Towards Effective Multiple-in-One Image Restoration: A Sequential and Prompt Learning Strategy
- URL: http://arxiv.org/abs/2401.03379v3
- Date: Wed, 20 Mar 2024 06:33:20 GMT
- Title: Towards Effective Multiple-in-One Image Restoration: A Sequential and Prompt Learning Strategy
- Authors: Xiangtao Kong, Chao Dong, Lei Zhang,
- Abstract summary: We investigate in-depth the multiple-in-one (MiO) IR problem, which comprises seven popular IR tasks.
To tackle these challenges, we present two simple yet effective strategies.
By evaluating on 19 test sets, we demonstrate that the sequential and prompt learning strategies can significantly enhance the MiO performance.

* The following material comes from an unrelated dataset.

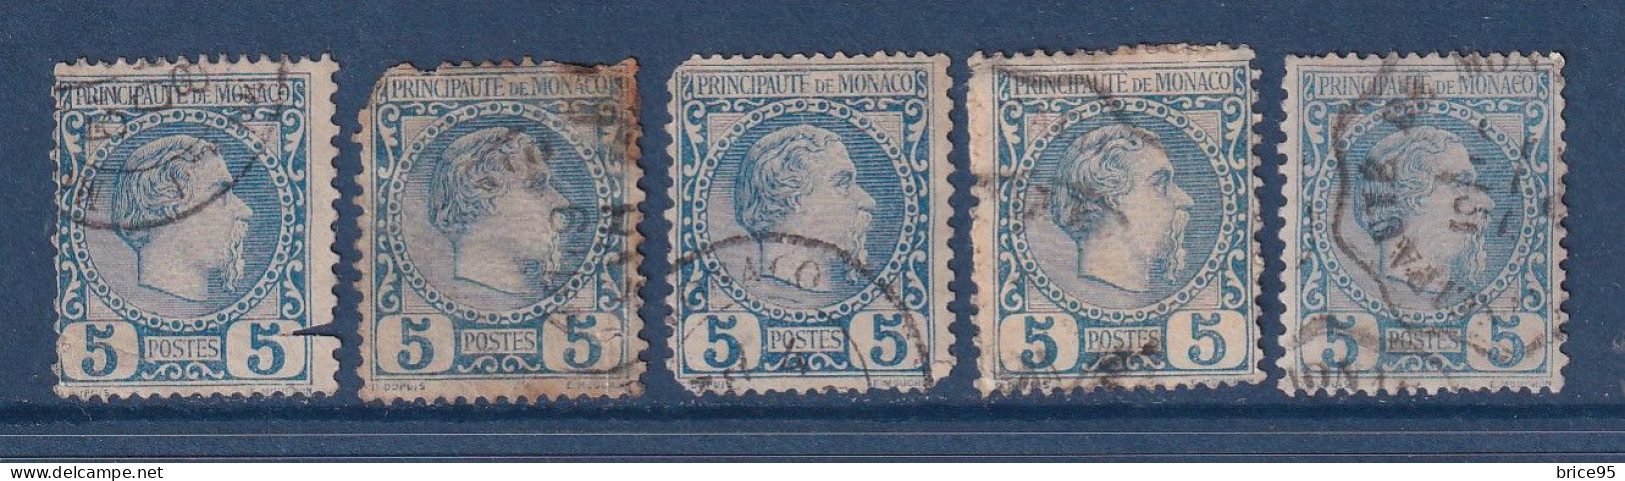 Monaco - YT N° 3 - Oblitéré - 1885 - Used Stamps

- Score: 19.73705830803488
- License: http://arxiv.org/licenses/nonexclusive-distrib/1.0/
- Abstract: While single task image restoration (IR) has achieved significant successes, it remains a challenging issue to train a single model which can tackle multiple IR tasks. In this work, we investigate in-depth the multiple-in-one (MiO) IR problem, which comprises seven popular IR tasks. We point out that MiO IR faces two pivotal challenges: the optimization of diverse objectives and the adaptation to multiple tasks. To tackle these challenges, we present two simple yet effective strategies. The first strategy, referred to as sequential learning, attempts to address how to optimize the diverse objectives, which guides the network to incrementally learn individual IR tasks in a sequential manner rather than mixing them together. The second strategy, i.e., prompt learning, attempts to address how to adapt to the different IR tasks, which assists the network to understand the specific task and improves the generalization ability. By evaluating on 19 test sets, we demonstrate that the sequential and prompt learning strategies can significantly enhance the MiO performance of commonly used CNN and Transformer backbones. Our experiments also reveal that the two strategies can supplement each other to learn better degradation representations and enhance the model robustness. It is expected that our proposed MiO IR formulation and strategies could facilitate the research on how to train IR models with higher generalization capabilities.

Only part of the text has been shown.